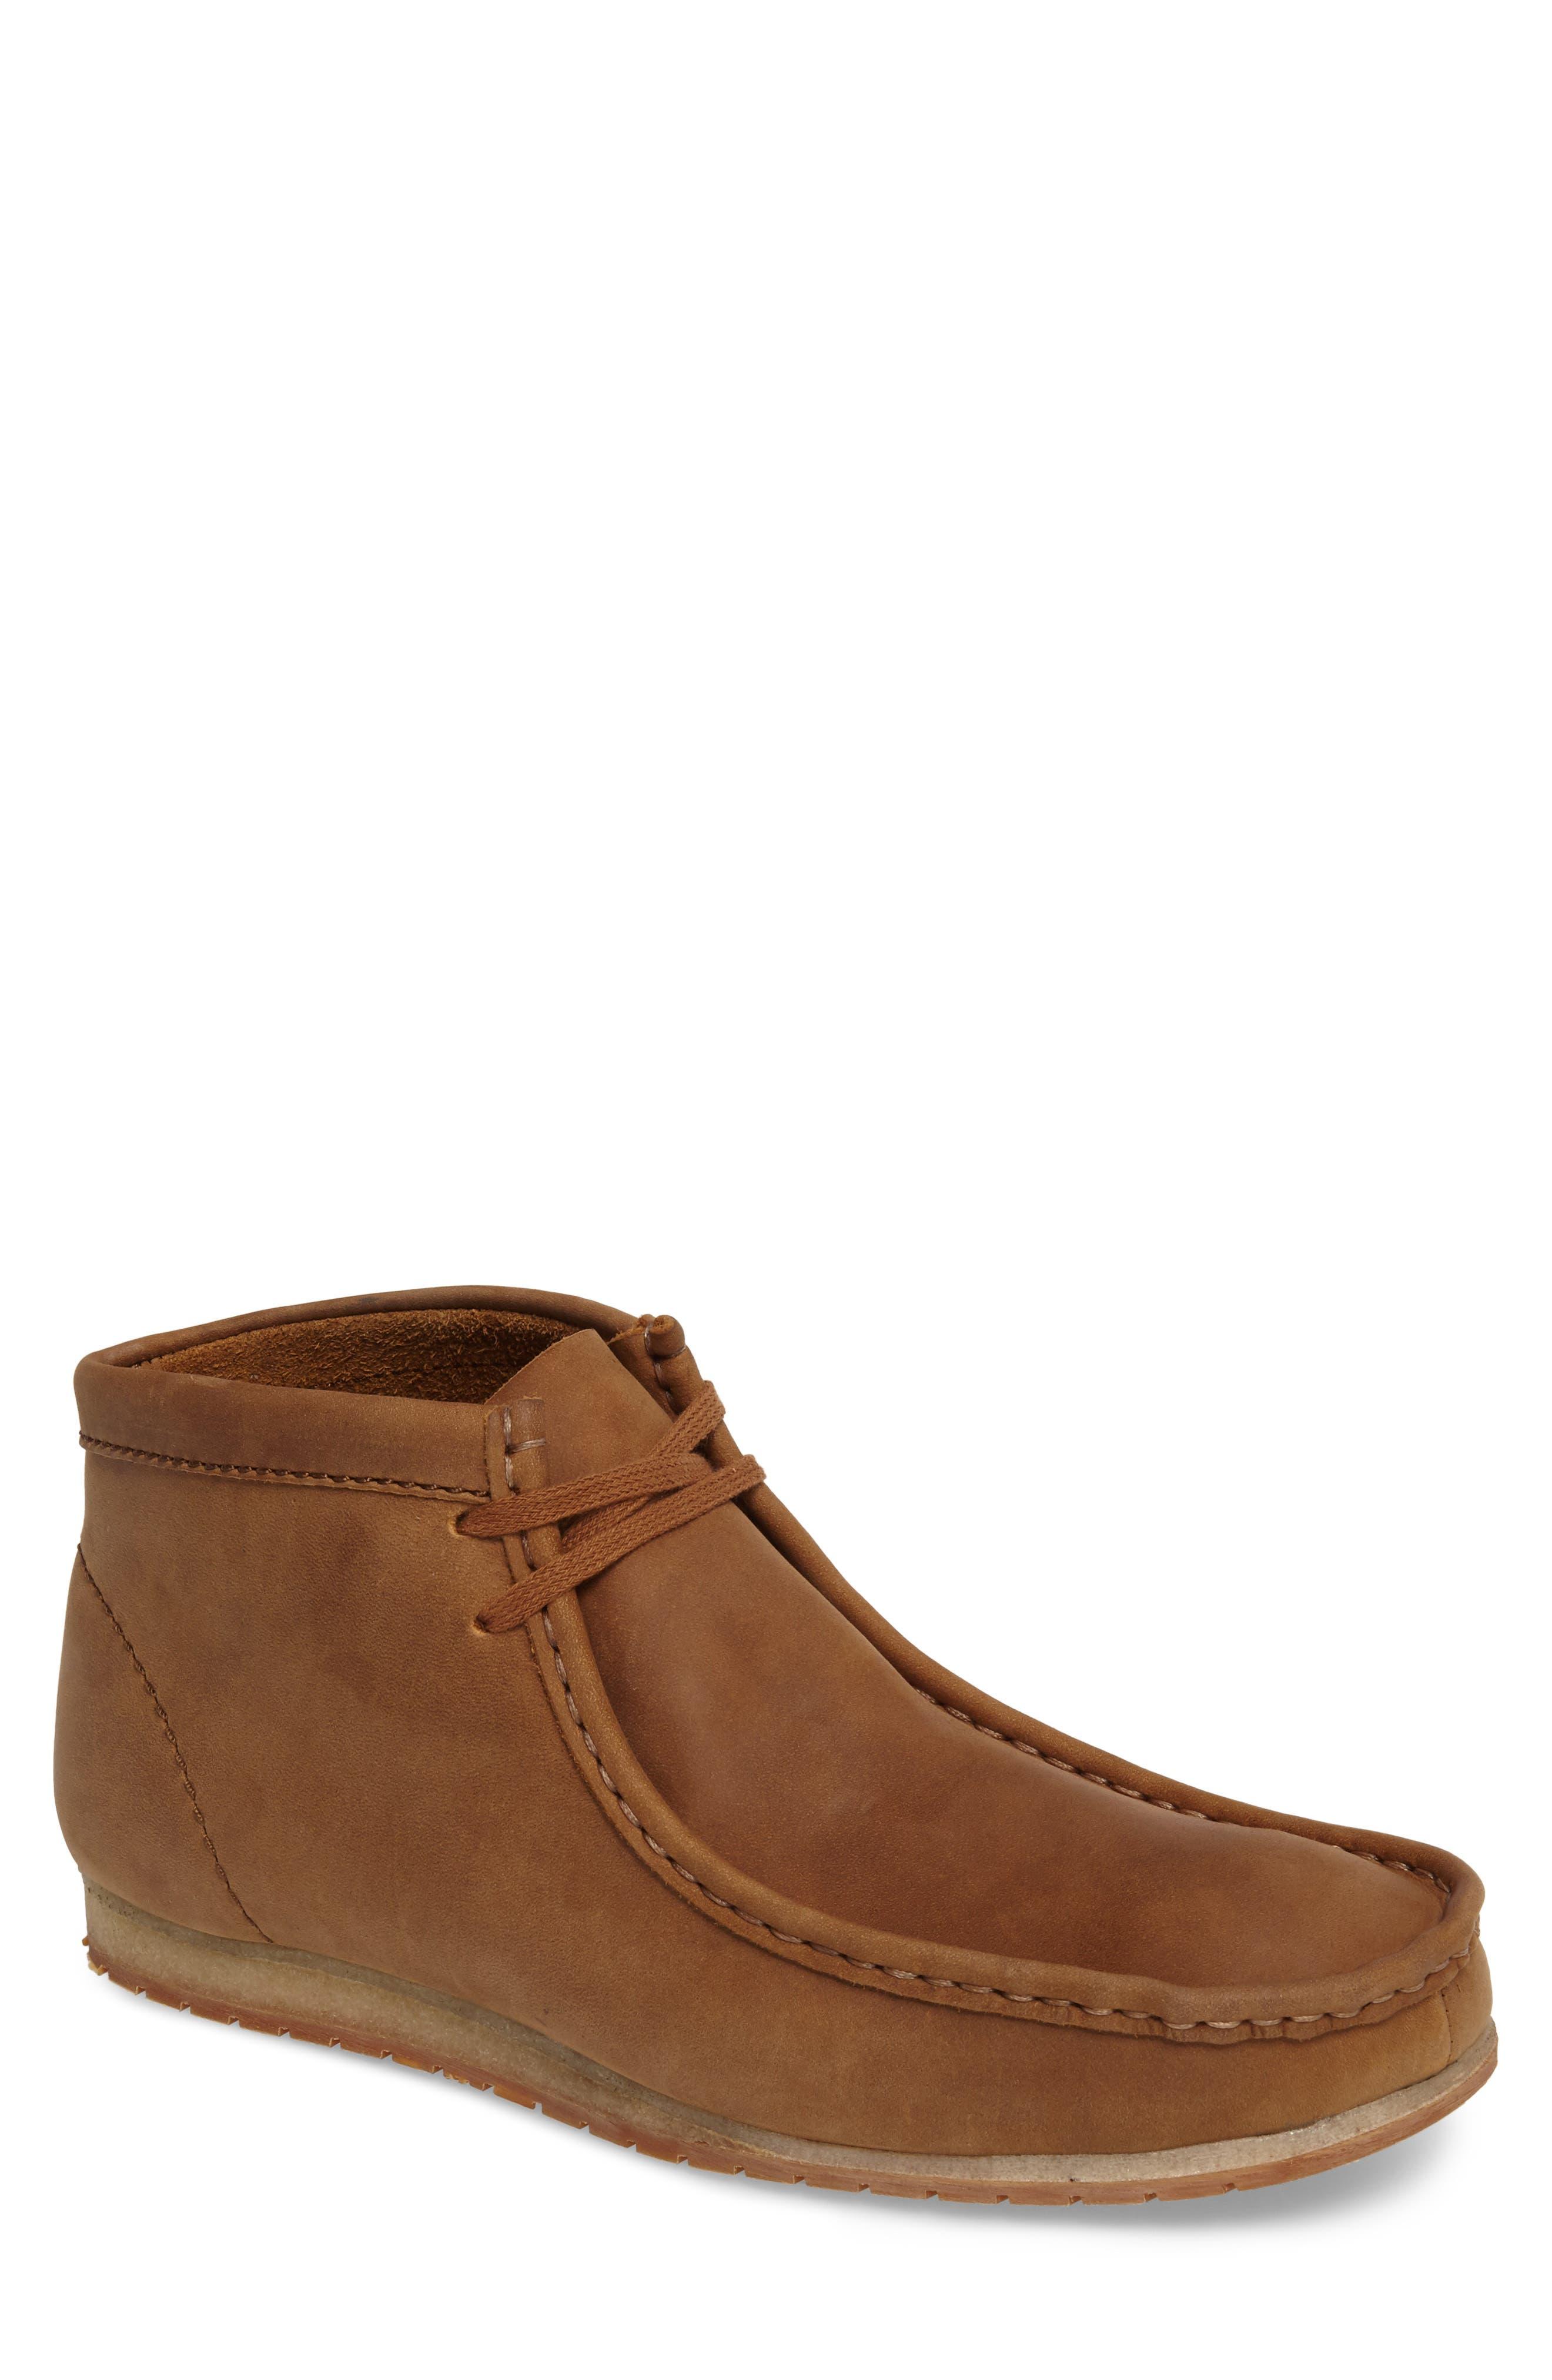 Clarks Wallabee Moc Toe Boot (Men)
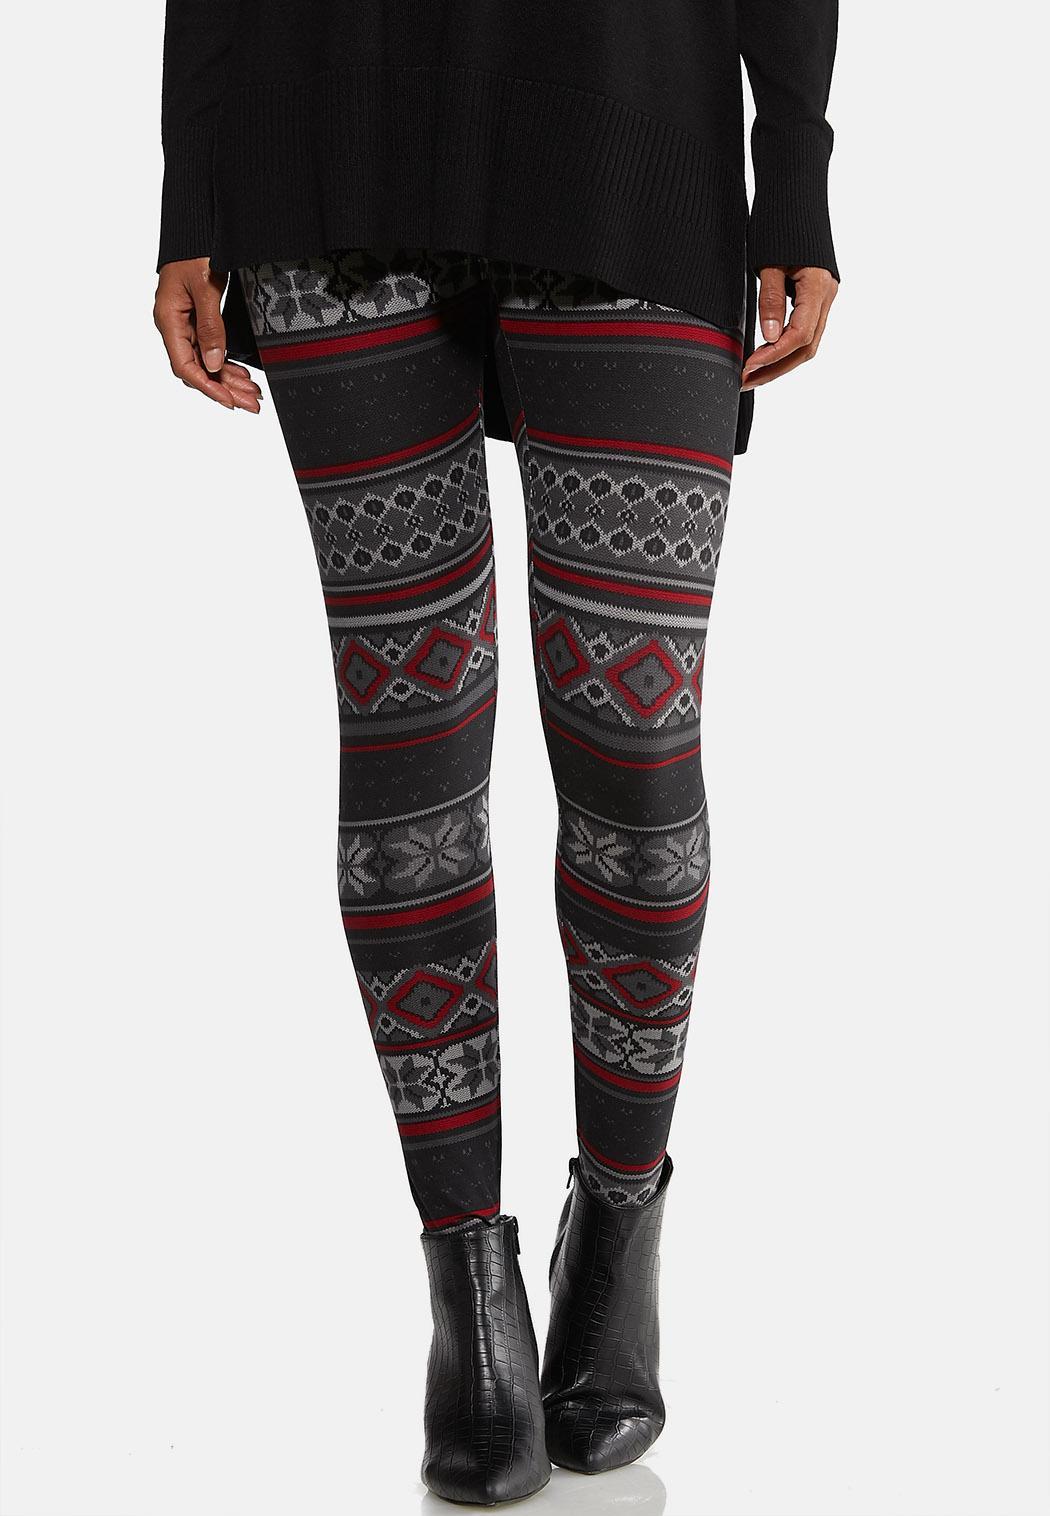 Festive Knit Leggings
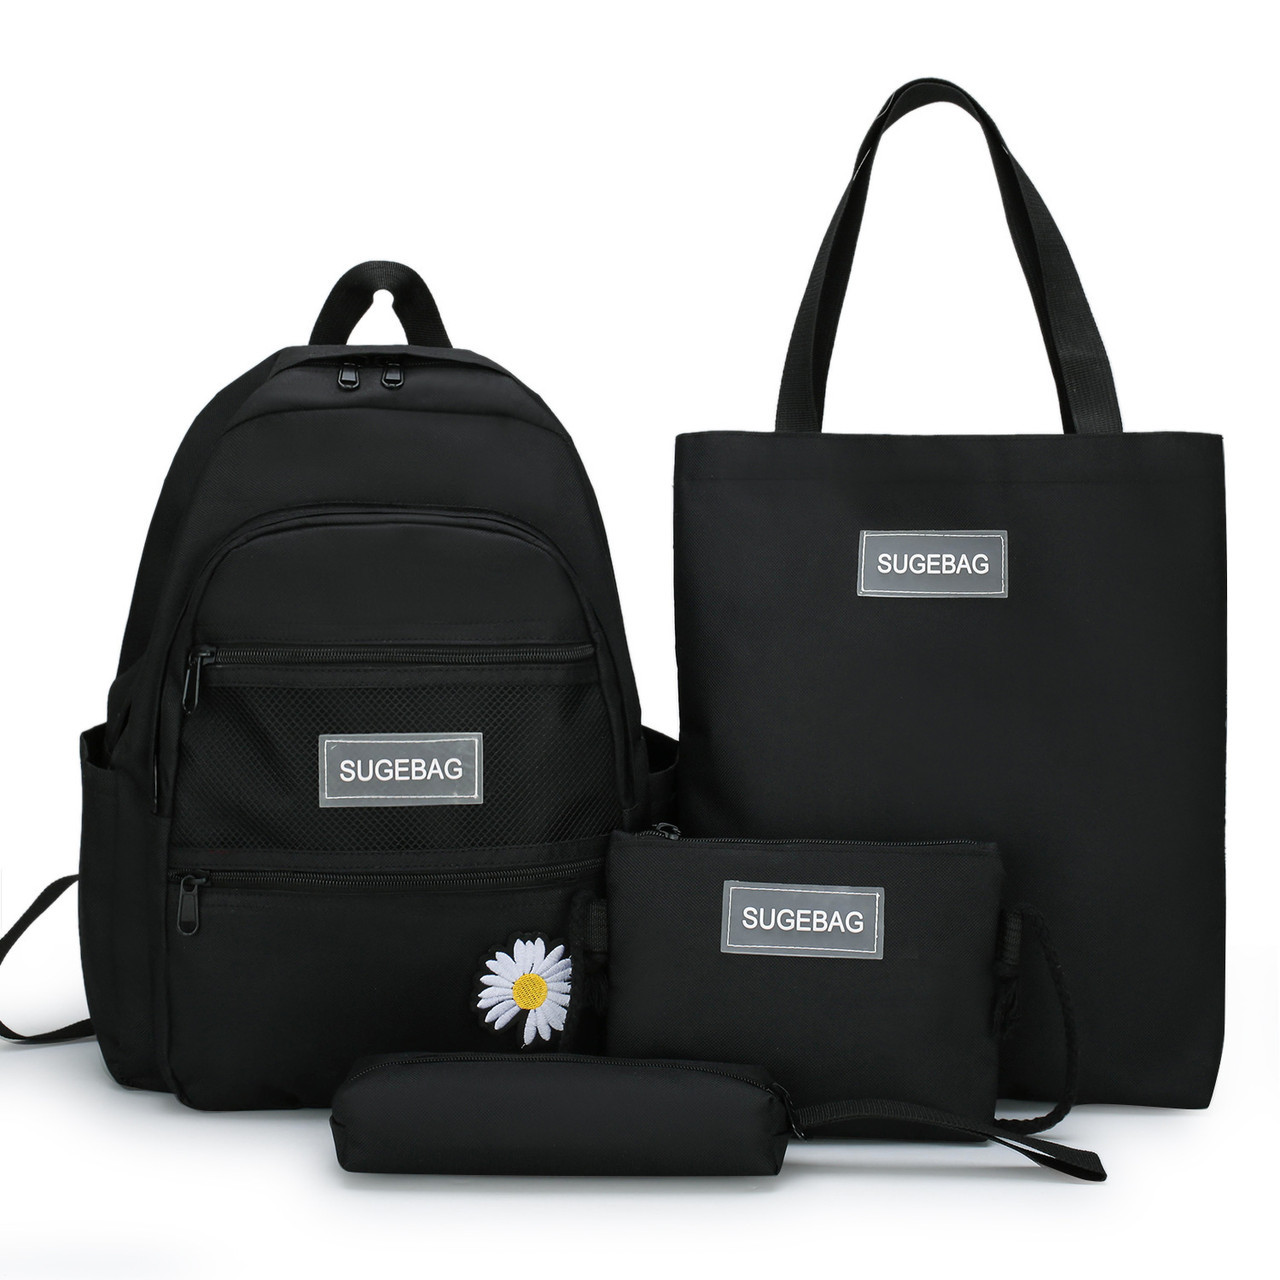 Школьный рюкзак комплект 4 в 1 пенал шоппер косметичка черный красный зеленый для школы ранец портфель
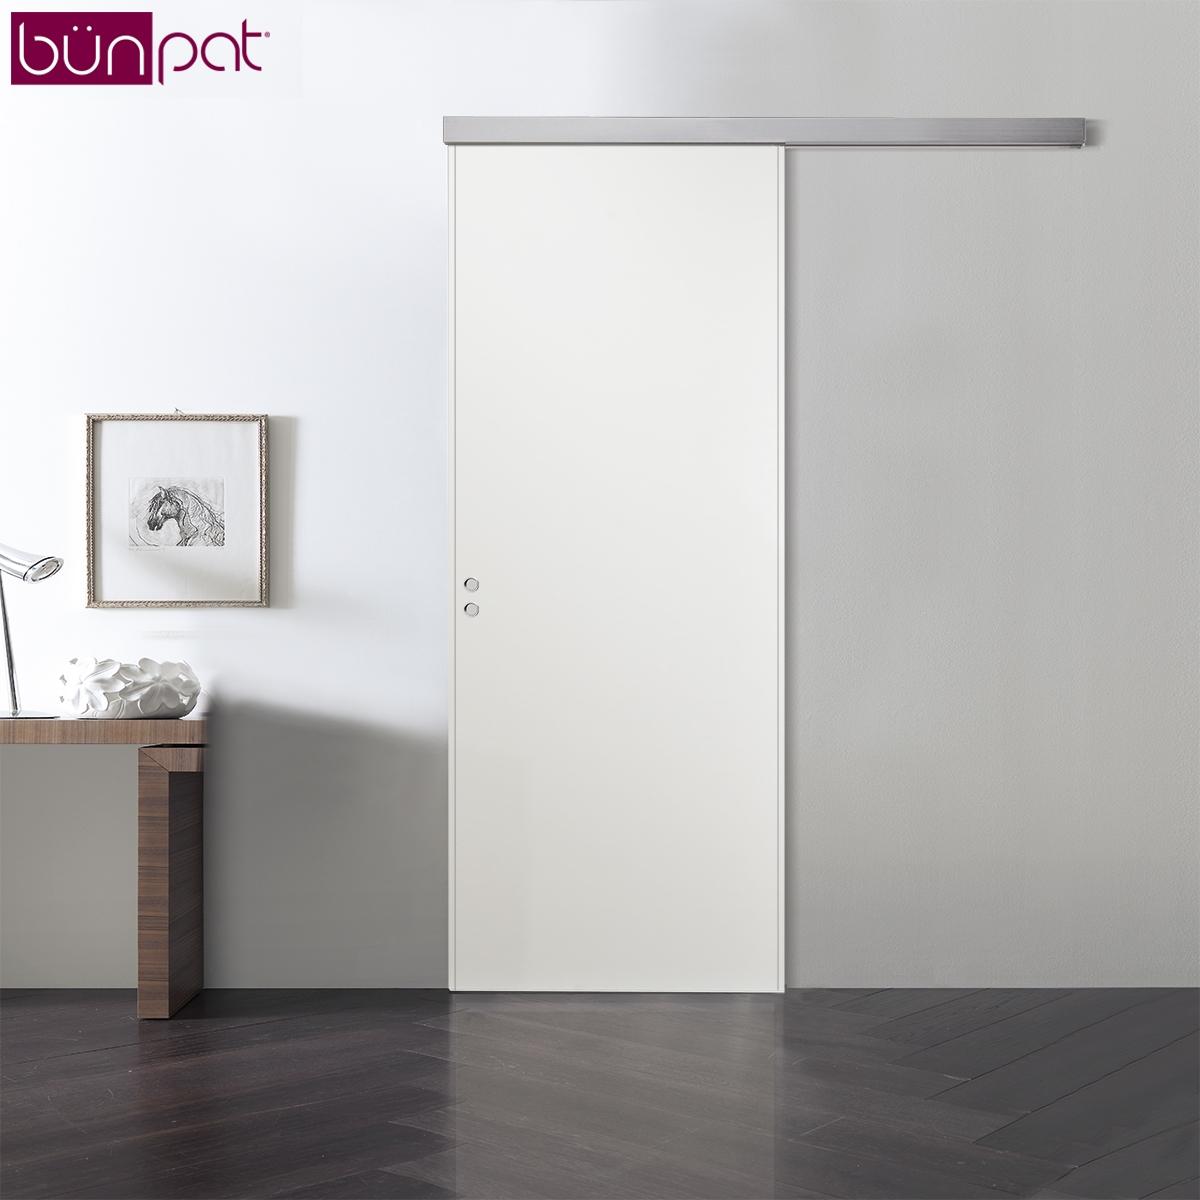 Porta bunpat scorrevole esterno muro colore bianco - Porta scorrevole esterna muro ...

◆ **About this exercise**
Output each line above exactly as it stands, omitting the pictures.

◆ **Written solution**
 Clarks Wallabee Moc Toe Boot (Men)
 Festive Knit Leggings
 Школьный рюкзак комплект 4 в 1 пенал шоппер косметичка черный красный зеленый для школы ранец портфель
 Porta bunpat scorrevole esterno muro colore bianco - Porta scorrevole esterna muro ...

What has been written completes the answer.